Она их никогда не забыла. Тут только вполне ясно, не умом, а всем существом своим поняла она, что есть в жизни еще что-то — выше любви, ее радостей, и страданий… И что это сокровище принадлежит ей…

Но вот в уборную вошел Хованский.

Боже мой, какой маленькой, ничтожной и жалкой чувствует себя эта женщина, которая только что властвовала над толпой… которая одним взмахом ресниц, одним взглядом или жестом повергала эту толпу в трепет и вызывала ее экстаз…

Он так холодно и выразительно смотрит на Полю и на костюмершу, что те быстро уходят из комнаты.

— Поздравляю тебя, Nadine! — говорит он, целуя ее в лоб. — Здесь, у нас в ложе, наши друзья из Петербурга. Они в восторге. Они говорят, что ни Асенкова, ни Самойлова не волновали их так сильно… Мне это было приятно слышать… Что ты так смотришь на меня?.. Мы не на сцене, моя милая… Ха!.. Ха!.. Ты точно продолжаешь играть… Tiens… Совсем было забыл…

Он подает ей футляр с простеньким золотым медальоном на тонкой цепочке.

— Ты хотела иметь мой портрет… Смотри… похож я?.. Это делал прекрасный художник. Я выпросил его у сестры…

Со слабым криком она обнимает его…

— Опять слезы?.. Как ты разбила свои нервы!..

«Любишь ли ты меня?» — горит крик в ее груди, в ее сверкающих глазах. Но она ни о чем не спрашивает. Она ничего не хочет знать в эту минуту. Он опять купил ее сердце.

— Дай, я сам надену его на тебя, — говорит он.

О, это милое прикосновение нежных рук!.. За эту минуту она простила ему все, что он заставил ее выстрадать.

— Как жаль, что я не могу тебя проводить нынче! — говорит он, почтительно целуя ее руку.

И ее точно пронзает этот новый тон, в котором чувствуется признание ее таланта и превосходства.

— Я должен ужинать с этими дамами… Но завтра, Nadine… В три часа я жду тебя… Слышишь? И дай мне слово, что Муратов тебя не будет провожать?.. Даешь?

— Да… да… — слабо улыбаясь, лепечет она.

Он уходит… Она открывает медальон, сквозь слезы глядит на милые черты. Потом целует эмаль.

Режиссер и полицмейстер стучатся в уборную.

Надежда Васильевна, пожалуйте… Вас там молодежь ждет… Театр разнесут, если вы скроетесь.

Студенты на руках выносят ее на подъезд, сажают в карету… Миг… И молодежь выпрягает лошадей. Студенты везут карету среди криков восторга.

Полицмейстер в коляске провожает артистку до дому. Сзади едет еще экипаж с подношениями и с Полей, улыбающейся во весь рот.

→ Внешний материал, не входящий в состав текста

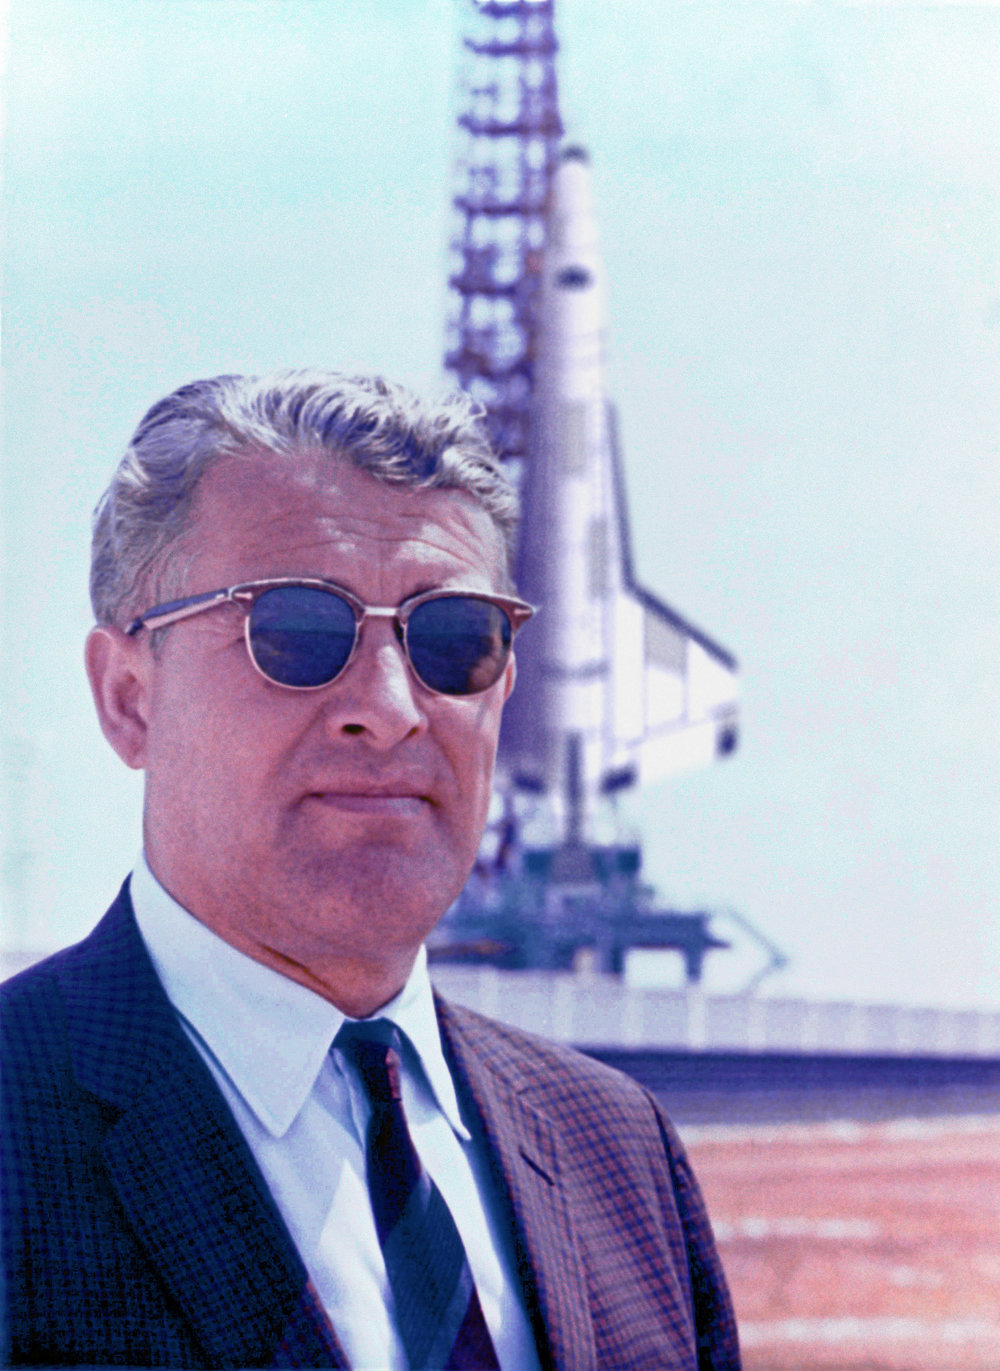 Argo-01 test launch site May 1964.jpg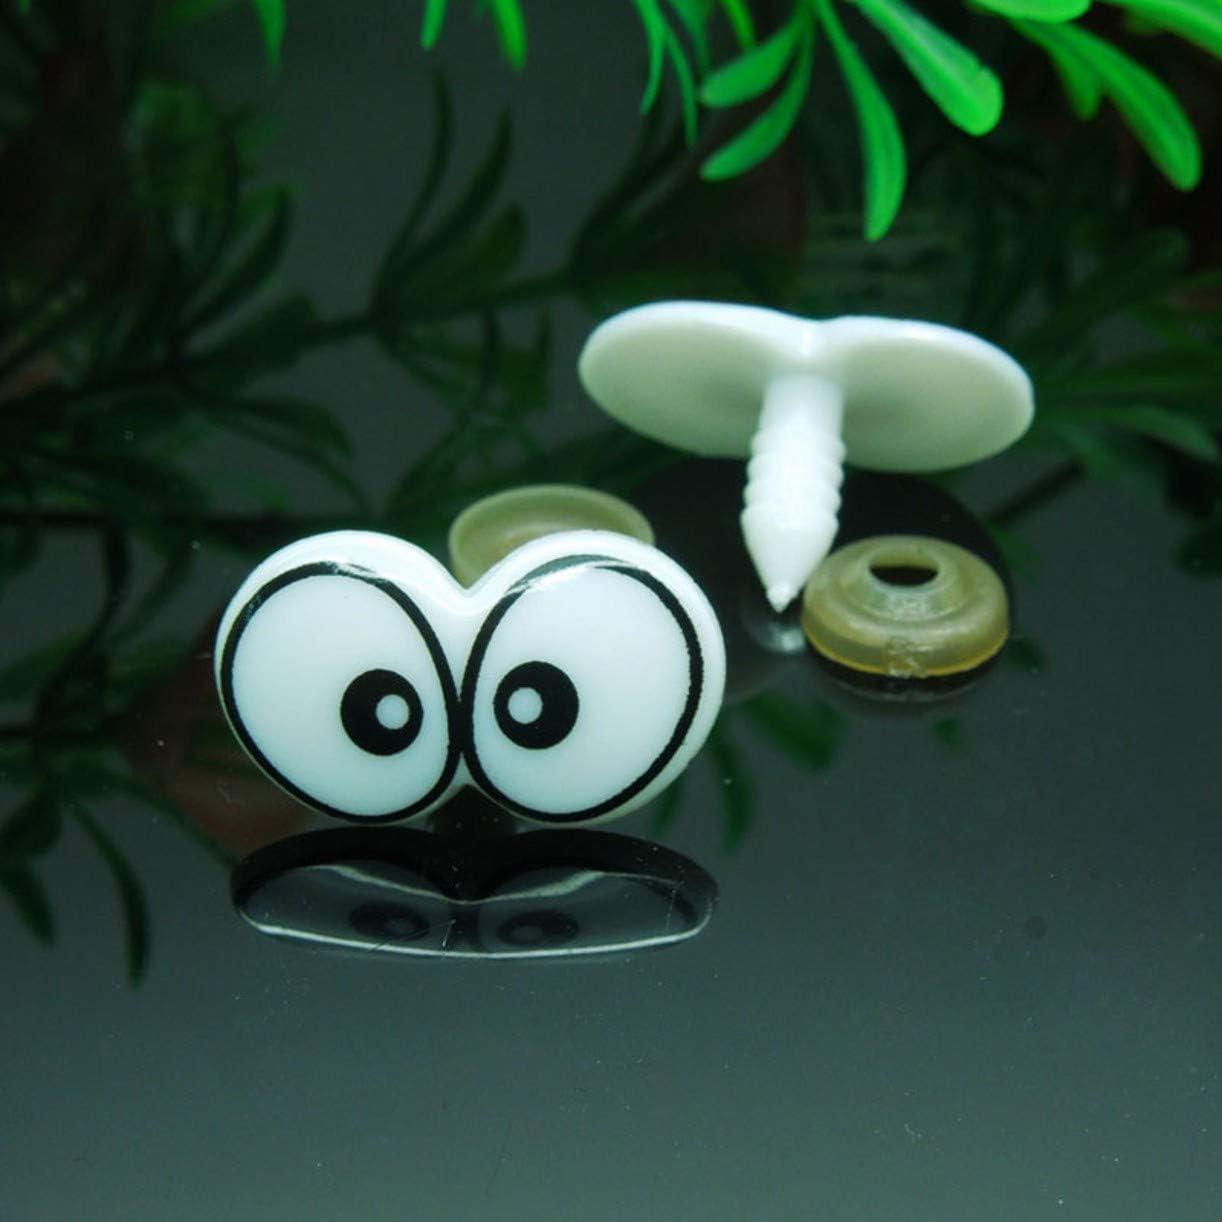 ZHONGJIUYUAN 50 Pieces White//Black Cartoon Plastic Safety Toy Eye Handmade Accessories for DIY Plush Dolls Animal Puppet Making

А Надежда Васильевна, прижавшись в уголку и спрятав лицо в сноп живых цветов, думает с тоской словами Луизы Миллер: «Где-то он теперь? Знатные девицы видят его… Говорят с ним… А я?.. Жалкая, позабытая девушка…»

И слезы бегут по ее щекам. Имя ее на всех устах в эту минуту. Нет женщины, которая не позавидовала бы ей. Ее считают счастливицей… И кто знает? Быть может, эта самая хрупкая блондиночка, плакавшая нынче от ее игры, душе считает завидной ее долю?